= Apostasy in Zoroastrianism =

Apostasy in Zoroastrianism is when a Zoroastrian leaves Zoroastrianism, which leads to punishment, the most common of which was execution. The punishment for apostasy was applied to Zoroastrians who converted to Christianity and were accused of practicing heresy.

== Texts ==
In the Zoroastrian holy book, the Avesta, in the Vendidad section at the beginning of chapter 15, the text mentions the greatest sins a Zoroastrian might commit, the first of which is spreading a doctrine other than the Zoroastrian faith to other Zoroastrians. The punishment for this act is two hundred beheadings.

In the book Tansir a book specializing in punishments during the Sasanian era, there is a distinction made between those who leave Zoroastrianism and those who introduce heresies into it. The former states that previously, those who left Zoroastrianism were killed immediately. However, because the king desired a lighter punishment, the first step was imprisonment, and Zoroastrian religious scholars were summoned to persuade the apostate to return to Zoroastrianism. If he refused and remained defiant, he was killed. As for those who introduce heresies into Zoroastrianism in the name of religious interpretation, the punishment was torture to death by having an elephant trample them. In the book Rivāyatī Ēmēdī Ašawahištān, attributed to Omid-e-Ashwishtan, a Zoroastrian priest, there is a statement that a Zoroastrian who converts to Islam will be given a year to return to Zoroastrianism, otherwise, he will be killed and his property confiscatedه And in the book Pahlavi stated that an apostate deserves death

In the Zoroastrian book of Arda Viraf, chapter 36, it is mentioned that Ardavirav saw a snake with a human-shaped head. He inquired about it, and an angel told him that this was the punishment for apostasy. But in Shāyest nē Shāyest In section 17, it states that the apostate will not be resurrected on the Day of Resurrection

in the book Menog-i Khrad chapter 36, abandoning religion is considered one of the most heinous sins. In Denkard, chapters 215, 216, 231, and 246, apostates and apostasy are condemned.

== Persecution of Christians ==

The Christians of the Sasanian state were subjected to several periods of persecution, mainly targeting Zoroastrians who had converted to Christianity or who were trying to spread it. Executions were carried out through torture, even to the point of cutting off all limbs and preventing the burial of the body. According to the encyclopedia, this was a punishment specifically for those who apostatized from Zoroastrianism.

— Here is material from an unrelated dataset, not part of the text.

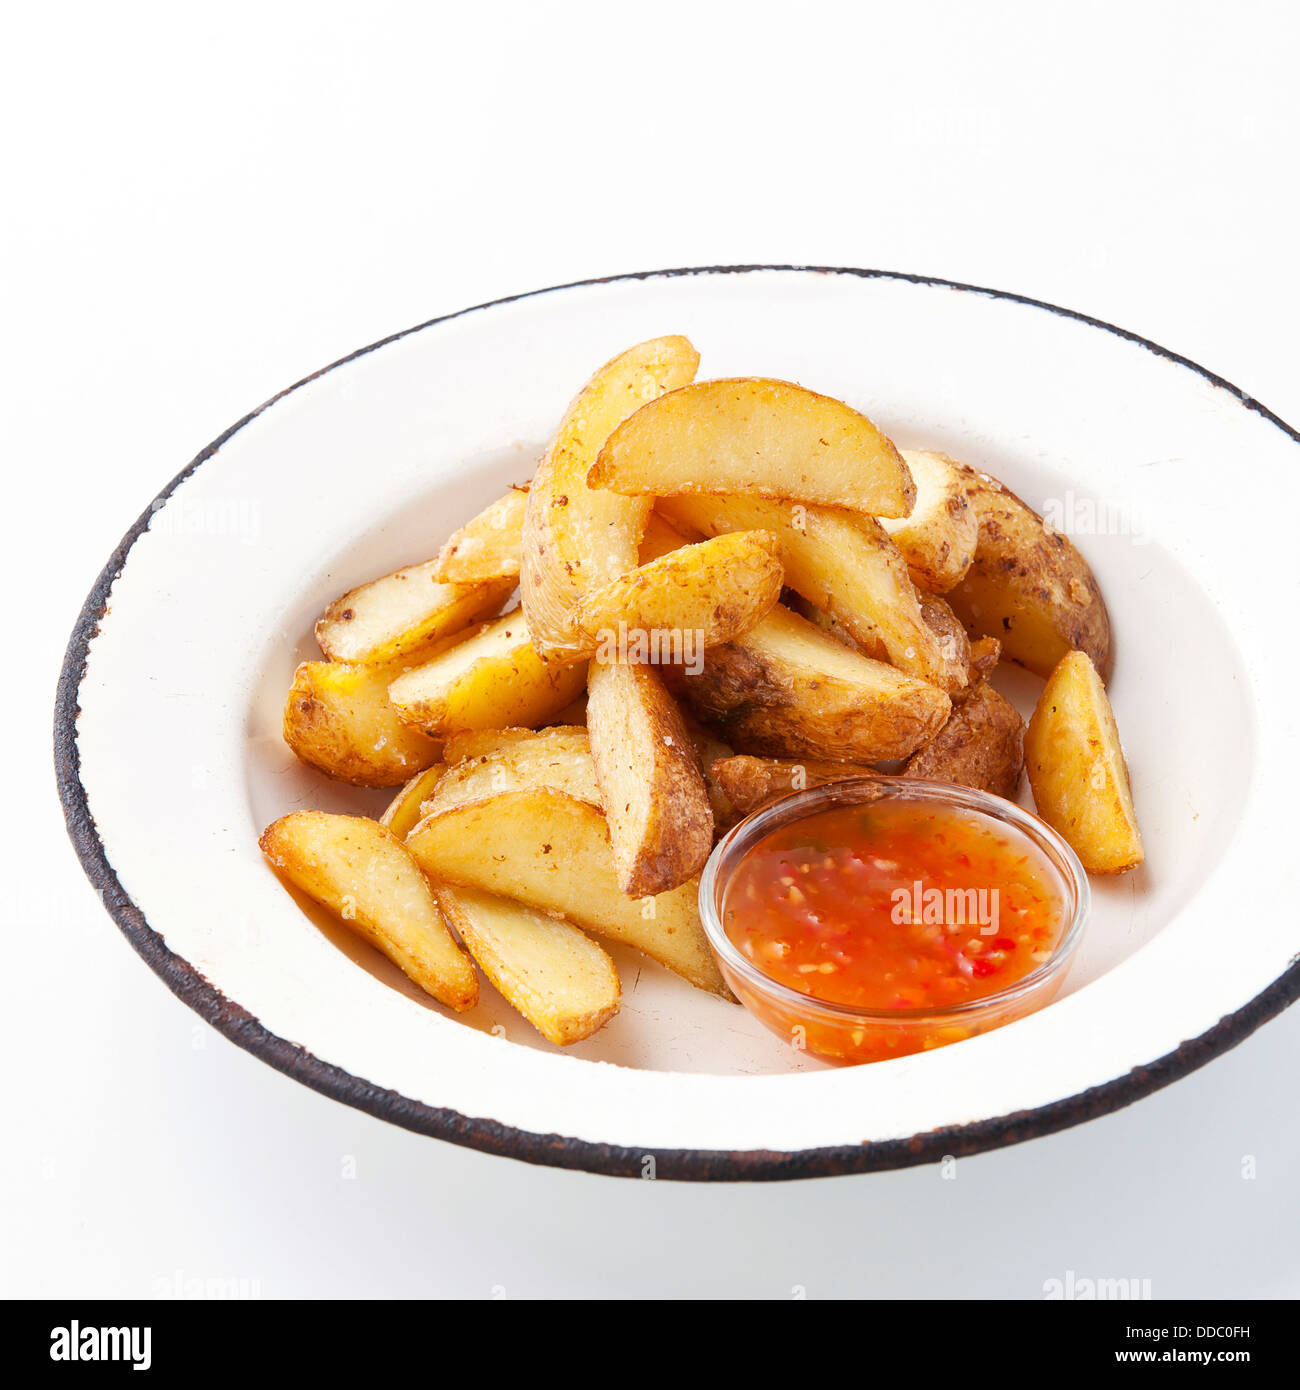 Fried potato 'country-style' with sauce Stock Photo

Yazdegerd II tried to force the Christian Armenians to return to Zoroastrianism in Battle of Avarayr.The Armenian historian Moses Khorenatsi stated that the Sassanids enslaved the Armenians they captured and forced them to return o Zoroastrianism.

== Apostasy in contemporary Zoroastrianism ==
In contemporary Zoroastrianism, its stance on apostasy has not changed much, as evidenced by the Zoroastrian scholar Dr. Ardeshir Khorshidian's treatise on Zoroastrian rulings, including the confiscation of the property of a Zoroastrian who embraces Baha'i faith.

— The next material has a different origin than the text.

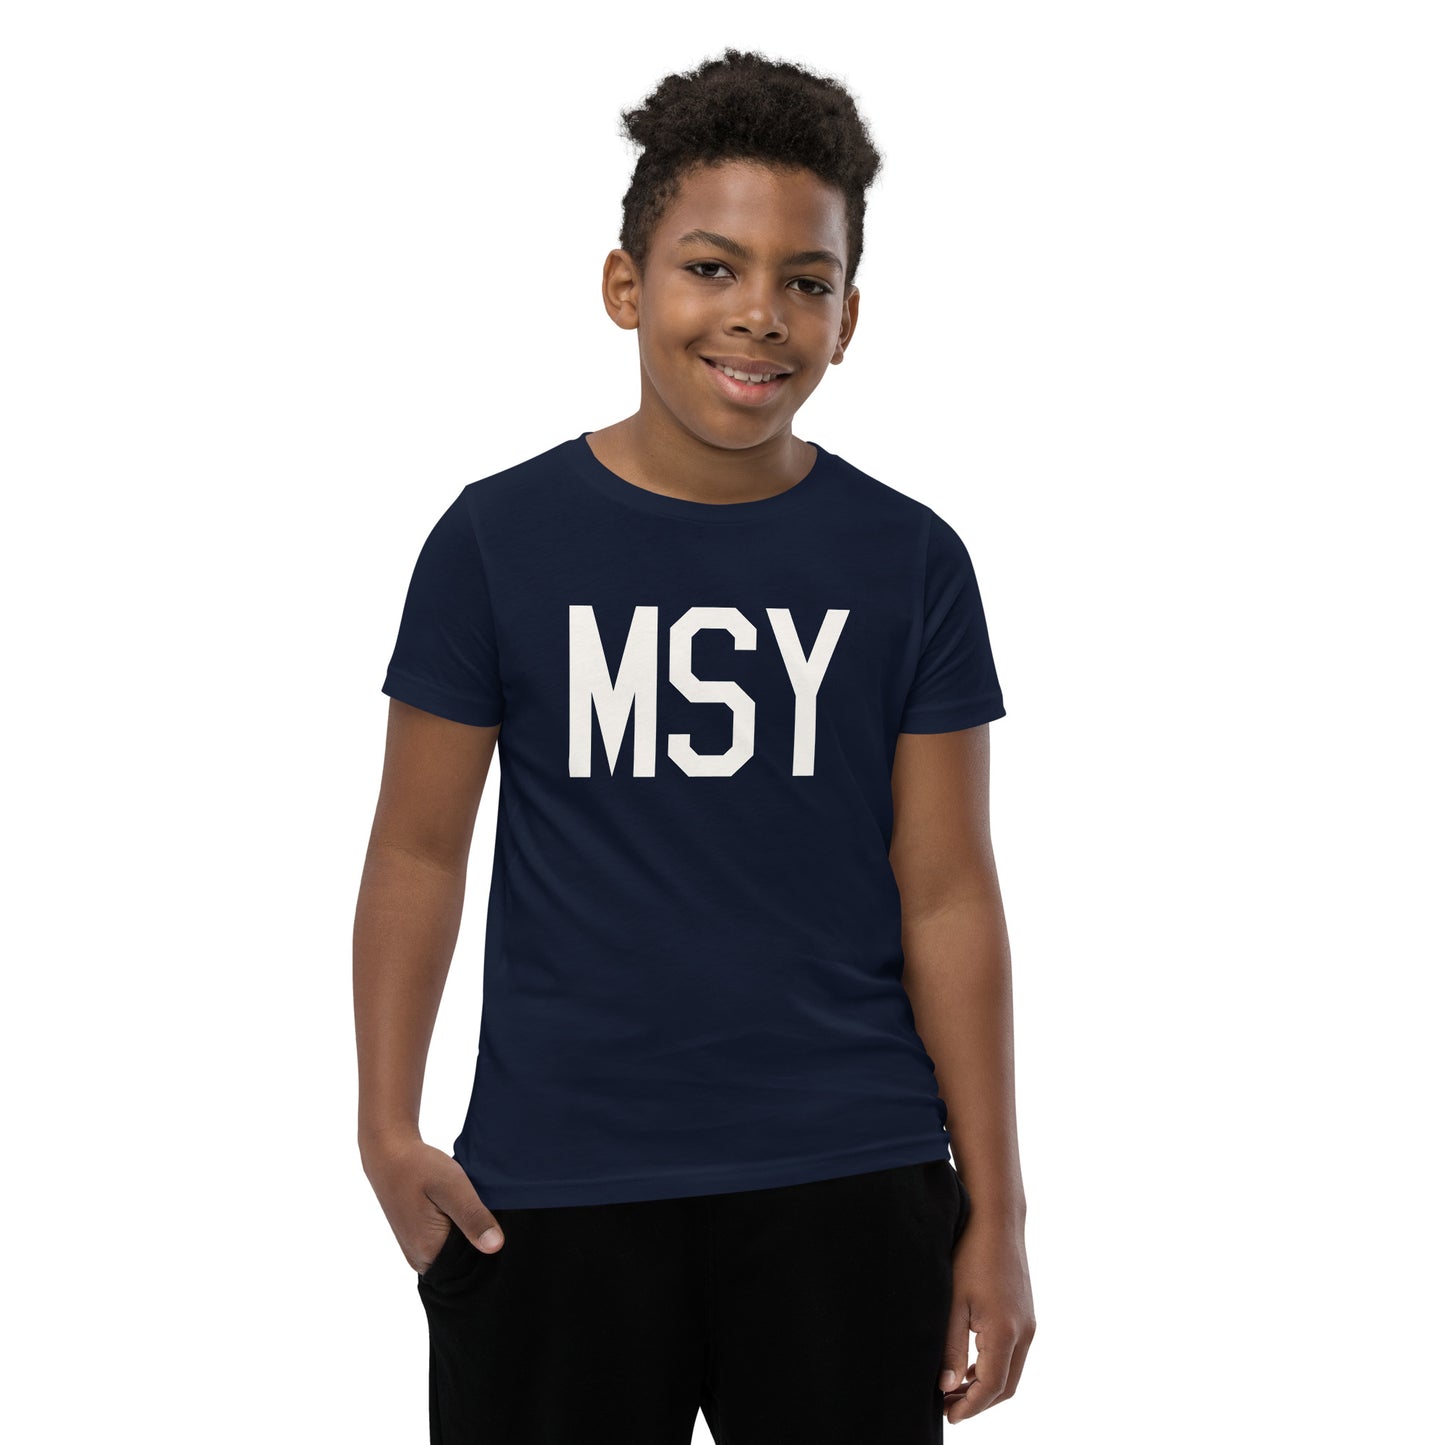 Kid's T-Shirt - White Graphic • MSY New Orleans • YHM Designs - Image 01

Furthermore, in the book "Settlement and Conflict" by the Zoroastrian scholar Jamshed Garshasp Choksi, and in another book, he describes the one who abandons Zoroastrianism as having his soul deprived of paradise.

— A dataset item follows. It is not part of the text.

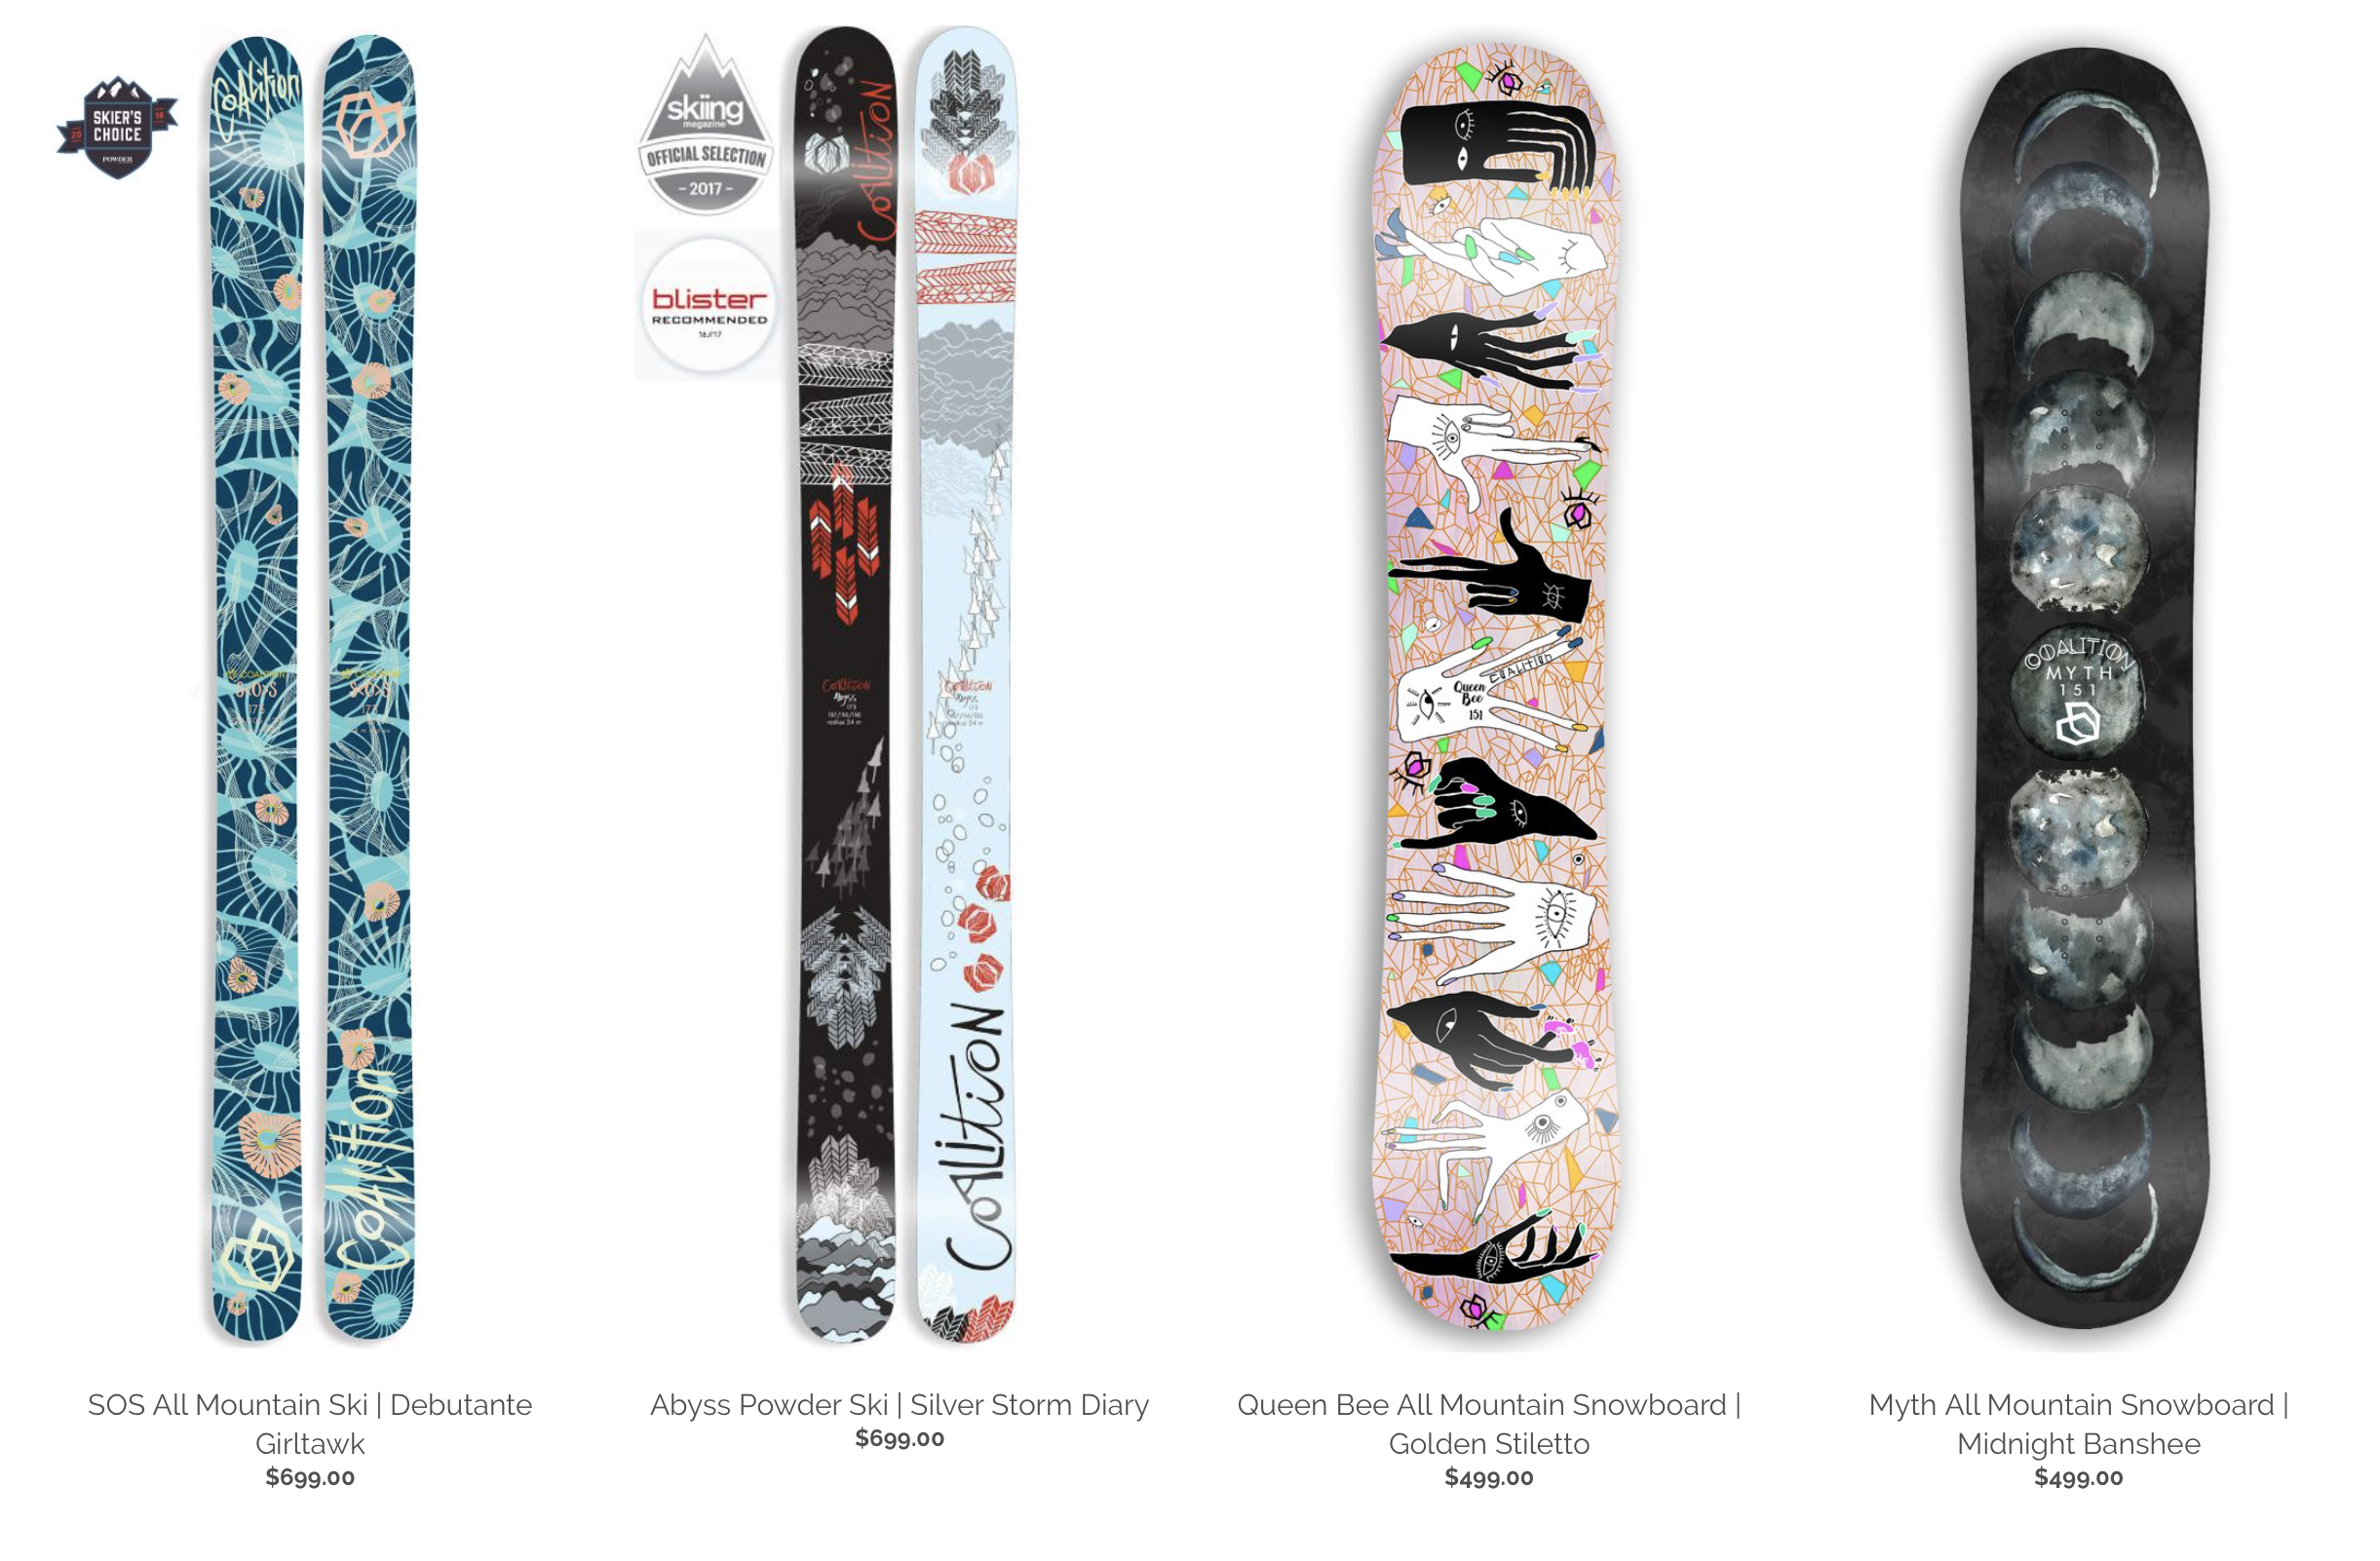 Coalition Snow Skis and snowboards

A prominent Parsi priest has stated that a Parsi woman who marries a non-Parsi is considered to have left Zoroastrianism because a wife follows her husband even if she remains a Zoroastrian and does not adopt her husband's religion. Many Parsi clergy oppose marriage outside the faith.

When Mariam Jinnah embraced Islam, the reaction of the Parsis was negativeThe Parsi community was outraged at not only Ruttie, but also her parents. After the marriage of Ratanji Dadabhoy Tata to the Frenchwoman Suzanne Brière, (who later converted to Zoroastrianism), many conservative Parsis were concerned of the rapid anglicization, indifference to religion, and materialistic lifestyle of the Parsi elite. Furthermore, most Parsi youth of Ruttie's age from wealthy families at the time were either indifferent to religion or full-blown atheists, and their parents did precious little to educate them religiously. After the marriage of Jinnah and Ruttie, it was the final straw and the conservative Parsis and mobeds called for all of their youth to be religiously re-educated. Regarding the Petit family, they were given two choices by the Parsi Panchayat. They could either be excommunicated along with their daughter, or remain within the community provided they publicly disinherit their daughter and sever all contact with her. Her family chose the latter.